Part 2. Does Table Column Order Affect Performance?
I decided to take another look at the performance impact of selecting or updating a column based on its table column order.
I received some really good and some really bad feedback from my previous "column order" articles related to SELECT and UPDATE statements. As a result, I enhanced my experiment and ran it again. The results were the same but also different.
If you are tired of all this talk, then the summary is still this; if you can influence the decision, have the most frequently SELECTED and UPDATED columns at the beginning of a table definition.

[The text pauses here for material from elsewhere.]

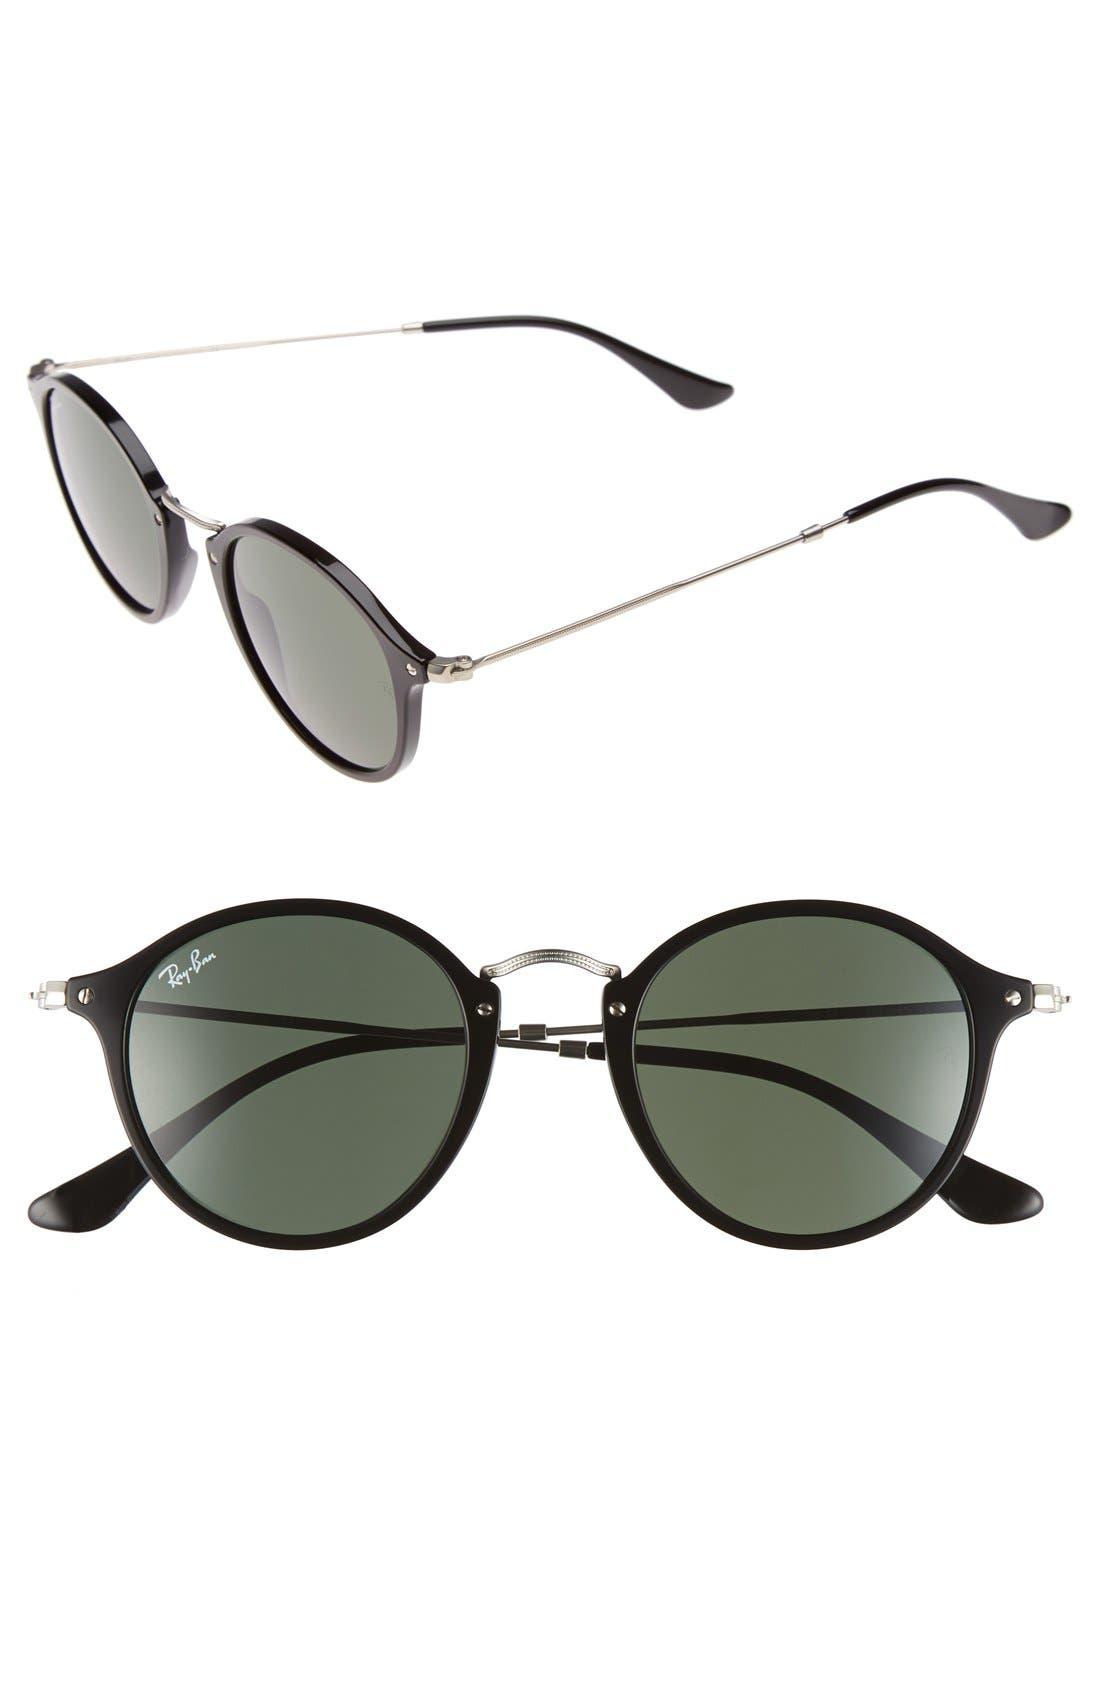 Ray-Ban 4m Retro Sunglasses - Black/ Green

However, if you are interested in the actual experimental results, the feedback I received and how I changed the experimental design then you will love this article.
Feedback: Good and Lame
I received an unusual amount of feedback on these posts. Some of the questions and comments were really good. Others were characteristic of the lack of depth and integrity that can be associated with a VERY senior job title. I think we can all learn something from the comments.
Hey Craig, Thanks! There results are what I have always believed and have been told yet never had a data or reference point.

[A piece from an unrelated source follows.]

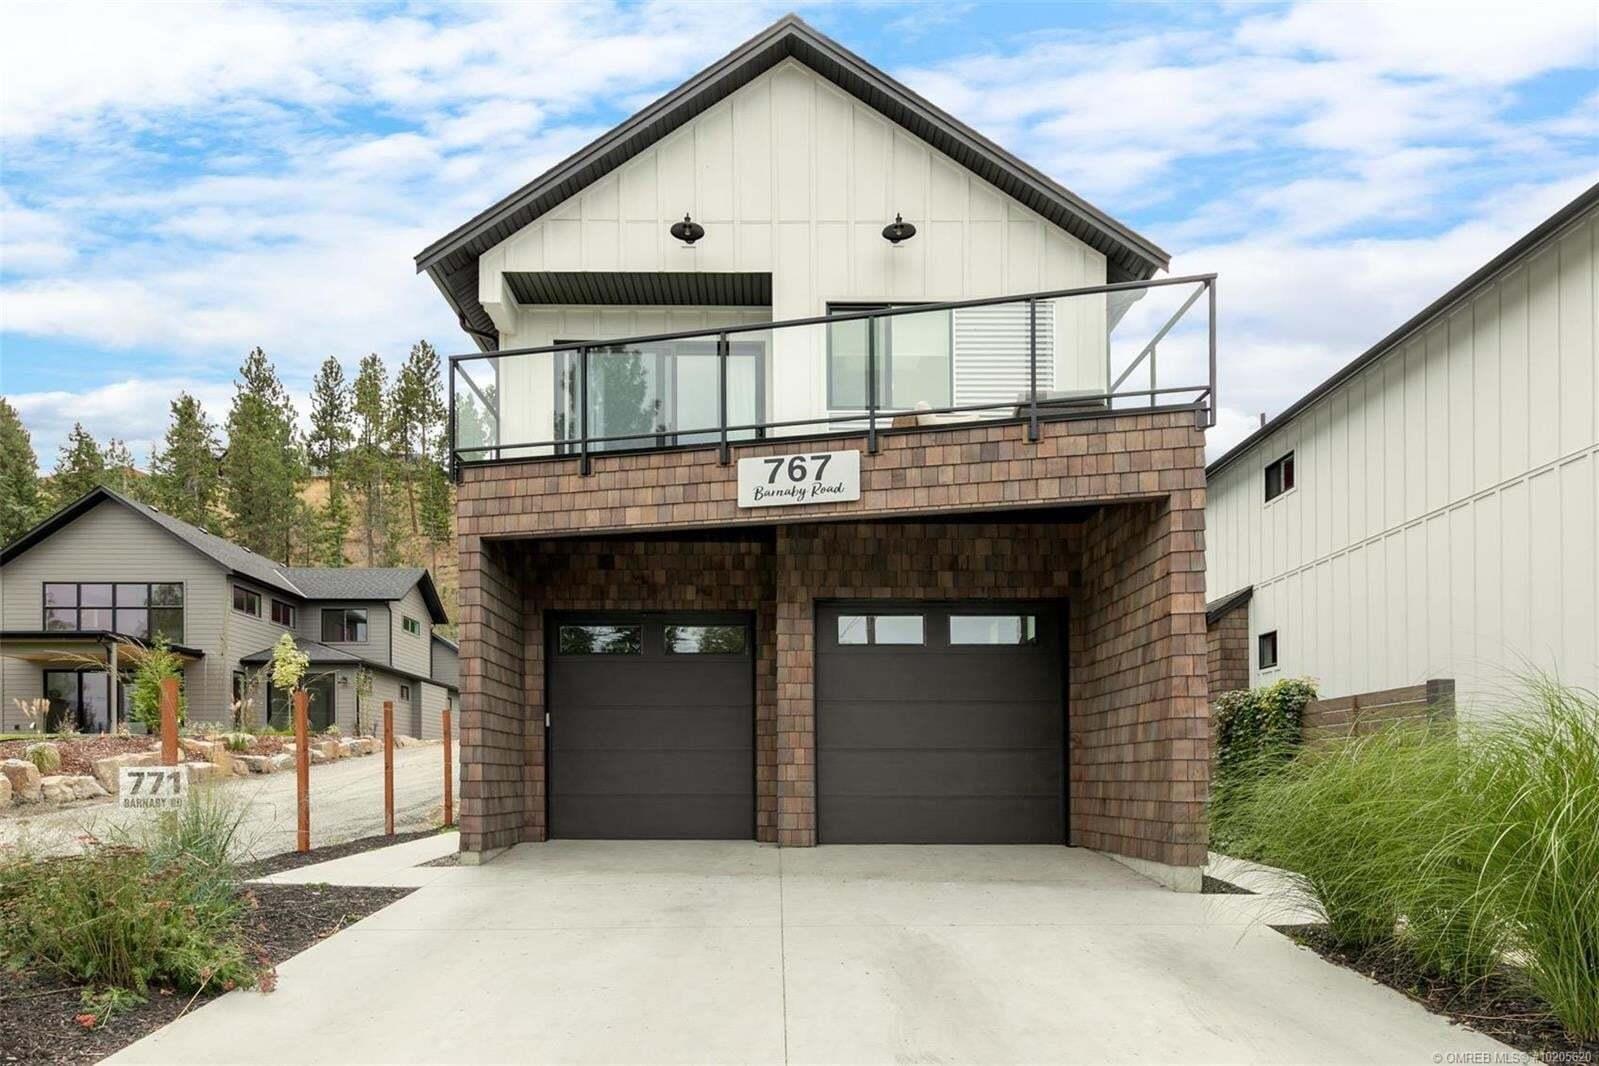 House for sale at 767 Barnaby Rd Kelowna British Columbia - MLS: 10205620

Thanks! This is why I run so many experiments. As professionals, we need references, experiments and data points. It's important if you want to speak with honest authority.

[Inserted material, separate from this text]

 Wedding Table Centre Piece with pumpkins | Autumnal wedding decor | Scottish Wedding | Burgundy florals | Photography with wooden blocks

The experimental UPDATE statement doesn't always update rows.
My most feared response! Good thing I can always make a change re-run the experiment!
One (and only one) very astute DBA emailed me about this. And, he is correct. Check out the below SQLPLUS session, focusing on the final statement.
SQL> drop table bogus; Table dropped. SQL> create table bogus (c1 number, c2 number); Table created. SQL> insert into bogus select level just_a_column, 2 from dual connect by level <= 50000; 50000 rows created. SQL> commit; Commit complete. SQL> update bogus set c2=1 where rownum between 1 and 1; 1 row updated. SQL> update bogus set c2=1 where rownum between 1 and 5; 5 rows updated. SQL> update bogus set c2=1 where rownum between 2 and 5; 0 rows updated. SQL> update bogus set c2=1 where rownum between 10 and 11; 0 rows updated. SQL>
Zero rows updated? Are you kidding me? I bet you just learned something too. Or, perhaps you have a new interview question?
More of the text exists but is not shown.